Filmmakers Sean Branney and Andrew Leman chose wisely to shoot this film as a period 1920s, black-and-white, silent, 47-minute feature. The acting is superb; certainly more than one usually expects in a $50,000 production. The filmmakers used a grab bag of techniques, some old and some new, which they call ‘Mythoscope’. These include foreground miniatures, models, green screen, CGI, stop-motion animation, forced perspective, and full-size sets. The lighting was moody, and the costumes were well done.

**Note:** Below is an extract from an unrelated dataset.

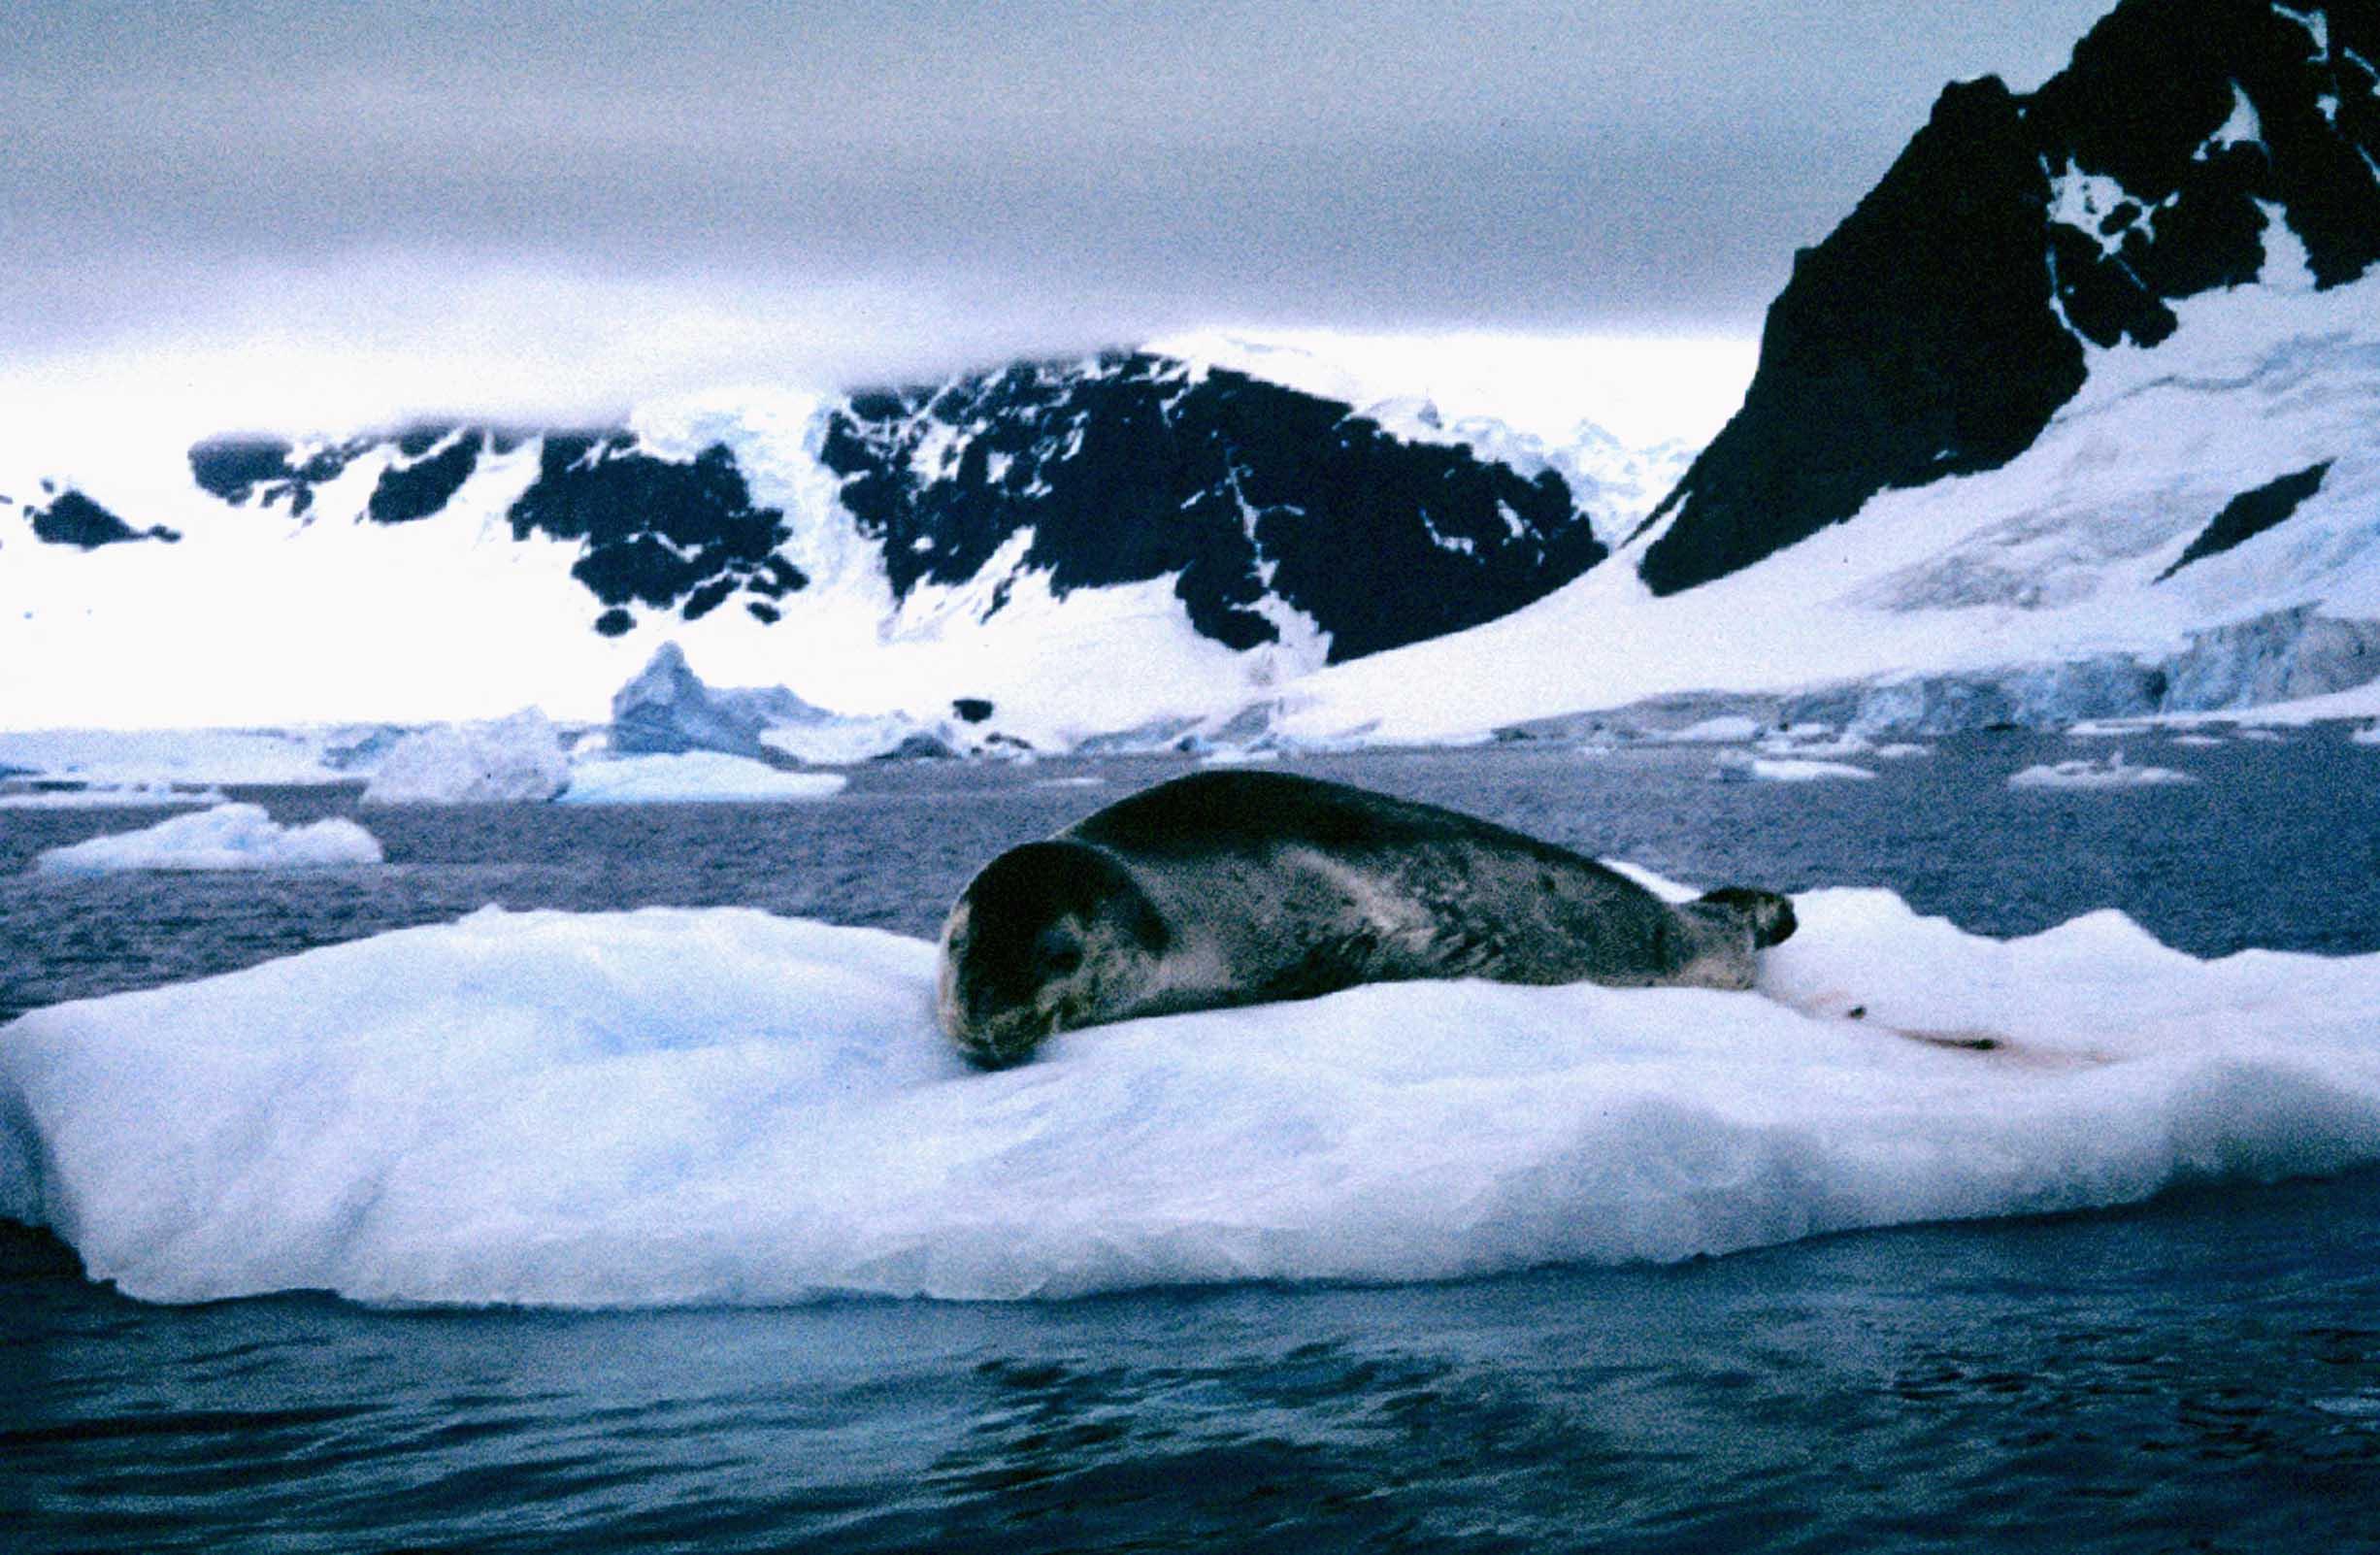 Seal on a small iceberg

The film is not without its problems though, not the least of which is that it was obviously shot on digital video. In many scenes it really does have a film-like quality. Others look as if they were taped for a soap opera. The reality of filmmaking is that one must work within the limitations imposed by such bothersome things as budgets. The Call of Cthulhu would have benefited from being shot on 16mm film, to retain the vintage look the producers were after – but at the expense of thousands more dollars and the difficulties of working in film as opposed to video. The lighting seemed geared more toward film than to the digital medium, and I found myself imaging how it would look were it shot on film. Kudos to the Director of Photography for not shying away from shadows. Take a look at any film from decades past, and you’ll see that harsh shadows exist. Ah, the days when the story was the important thing! The lighting really adds to the period look.

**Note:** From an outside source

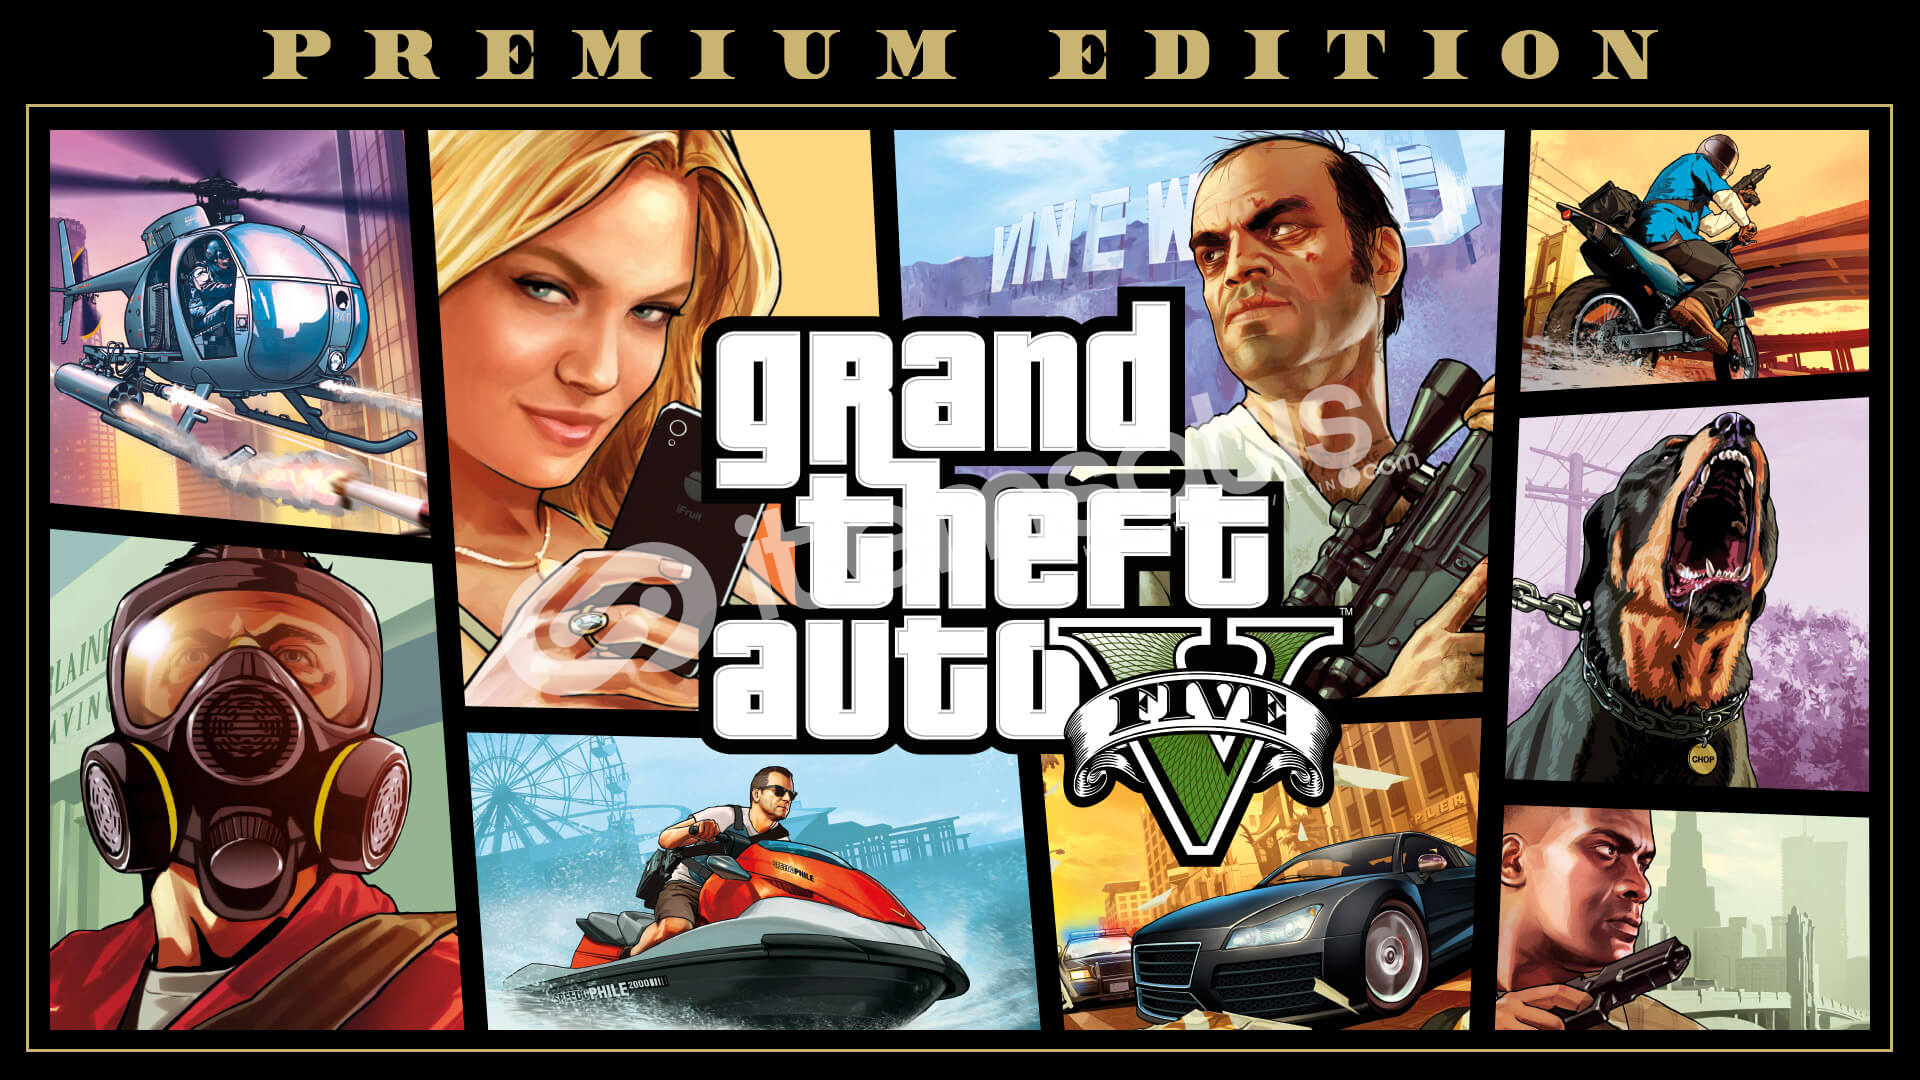 Grand Theft Auto V +22 Oyun Hediye !!!

The sets were impressive, and some recalled the style of Robert Wiene’s The Cabinet of Dr. Caligari. This is especially evident in the early dream sequences, which use full-size sets and forced-perspective foreground miniatures. Again, there are a few problems. In one scene there are obvious fluorescent lights, which were not prevalent in the period the film depicts. In some scenes, the sets seemed a little too ‘set-like’ – too ‘clean’, as if they were constructed specifically for a movie. On the Alert bridge set, the storm-tossed lamp was almost comical. But bear in mind the sets of the ‘20s. Some of them weren’t too realistic either. It’s the story that matters. In The Call of Cthulhu we have a great story, which is well acted and well-shot, and there is little to fault in most of the sets.

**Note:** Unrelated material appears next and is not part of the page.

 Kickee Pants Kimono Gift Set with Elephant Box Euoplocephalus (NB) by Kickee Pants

The effects in The Call of Cthulhu occasionally suffer from budgetary limitations. A couple of them look like they would fit right in with the ‘70s series Land of the Lost. Fortunately, these scenes are outnumbered by the effects that did work. Modern audiences expect realism. Such was not the case until the last few decades. ‘Back in the day’, audiences accepted models that were obviously models standing in for the real thing. In this respect The Call of Cthulhu captures the Zeitgeist of those early films. Of course the ship is a model! That’s how movies are made! One very nice scene occurs when Angell attempts to visit Wilcox at the house where he lives. The house in question is the Fleur de Lis studio in Providence, Rhode Island, which Lovecraft specifically described in his book. The house still exists today, and it looks exactly as it did when Lovecraft wrote about it. The filmmakers used this house and composed an image of an original structure that used to exist at the end of the block, original period photographs of Rhode Island in the 1920s, photographs of Model T cars, and footage of model cars to create a convincing image for Angell’s walk along the street.
The DVD extras include a nicely-done trailer, a featurette on the making of The Call of Cthulhu, photographs from the set, production stills, and deleted scenes. The ‘making of’ featurette, as more than 28 minutes, is well worth watching. The DVD/poster design is wonderfully evocative of the style of the time.